I turned, still a little blinded by the dazzle, and said calmly, ‘Hello, Hannah.’ Obviously Malik hadn’t had time to deal with her yet—that whole ‘vamps don’t do daylight’ thing has its disadvantages—and just as obviously, Hannah had replaced the vamp-groupie look with a Chanel-inspired navy and white suit. She was also standing in the doorway, blocking my escape route. But though she might be a sorcerer, physically, she was still only human. A human I could take. Her magic? I wasn’t so sure about that.
‘Figured you’d turn up sooner or later after seeing your sorcerer’s handiwork here,’ I said drily.
‘I’m impressed, Genevieve.’ Her perfectly outlined lips smiled, but the expression in her coffee-brown eyes was more about smiting me on the spot. ‘I wasn’t aware you were capable of Transportation spells.’
I shrugged. ‘You learn something new every day.’
‘Ah. Well, it must be time for your next lesson then.’ She stepped aside. ‘Joseph?’
Malik’s doctor friend stepped into the room, his owl-like eyes blinking rapidly.
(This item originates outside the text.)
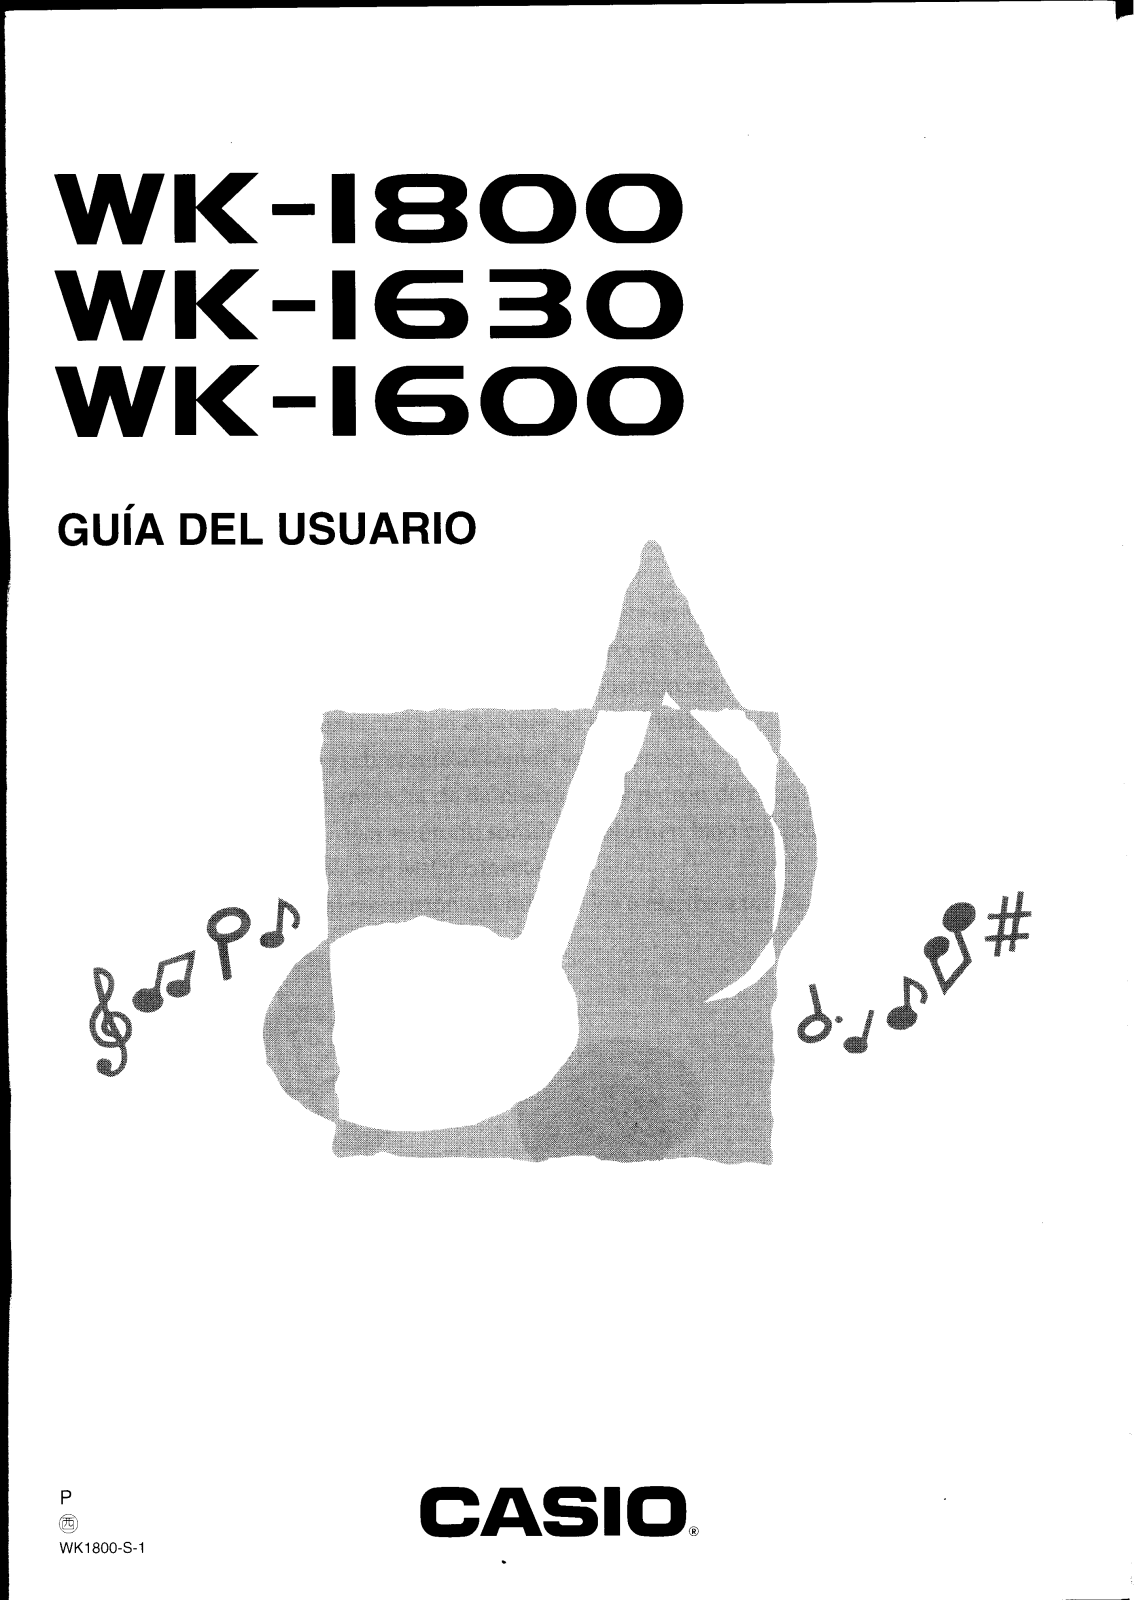 Casio WK-1600, WK-1800, WK-1630 User Manual

He lifted his arm and aimed a gun straight at me...
Oh shit.
... and a sharp pain pricked my chest. I looked down to see a steel dart embedded in the swell of my left breast, then there were three darts, then too many to count as the world fractured around me into tiny unrecognisable pieces and I felt myself falling ...
Chapter Twenty-Eight
‘Is she dead, Doctor?’ I heard Hannah demand. I opened my eyes and found myself looking into the masked face of Doctor Joseph Wainwright, a.k.a. the bastard who had just shot me with a tranq gun. I glared at him, but he didn’t appear to notice, just carried on shining a bright pencil light into my pupils. I squeezed my lids tight shut, then opened them again, struggling to see beyond the blinding spot of light into the candlelit darkness that closed in behind his head. I could make out a brick roof arching overhead. On one side there was a high bricked-up archway with an open wooden door at one end, on the other a mural of some sort. I squinted, and a painting of a barren landscape with a distant, rocky mountain came into focus.
I frowned as I recognised the place from Hannah’s big-screen memory of Rosa lying in agonised state while the Earl killed the Ancient One. I was in the sorcerer’s lair, wherever that was, and no doubt the stone slab I was lying on was her proverbial sacrificial altar.
How lucky could I get?
Of course, I’d be even luckier if I could figure a way off the table, preferably before the sacrifice bit happened.
I slowly winked at the doctor.
He ignored me.
I stuck my tongue out at him.
Still nothing.
I realised he really couldn’t see me; I was having some out-of-body experience. Panic started bubbling and I pushed it down. Panicking wasn’t going to help.
‘Doctor?’ Hannah’s imperious question came again. ‘Is Genevieve dead?’
‘No, not quite.’ He adjusted his mask and looked at something next to him. ‘There’s still some brain activity.’
I followed his gaze. He’d got me hooked up to his machines again. One showed a faint green line winging across its screen, the other, the heart monitor maybe—I checked; yep, more electrodes stuck to my chest—wasn’t flashing up any numbers.
Damn. My heart wasn’t beating. And nothing hurt any more.
Not a good sign.
It was beginning to look like Doctor Joseph’s diagnosis was wrong. Mentally, I cheered him on. I might not be sure if he was a goodie or baddie, but if he was saving my life, he had my vote—even if he was only trying to revive me so Hannah could reverse the situation at her leisure. At least that way, I had a chance.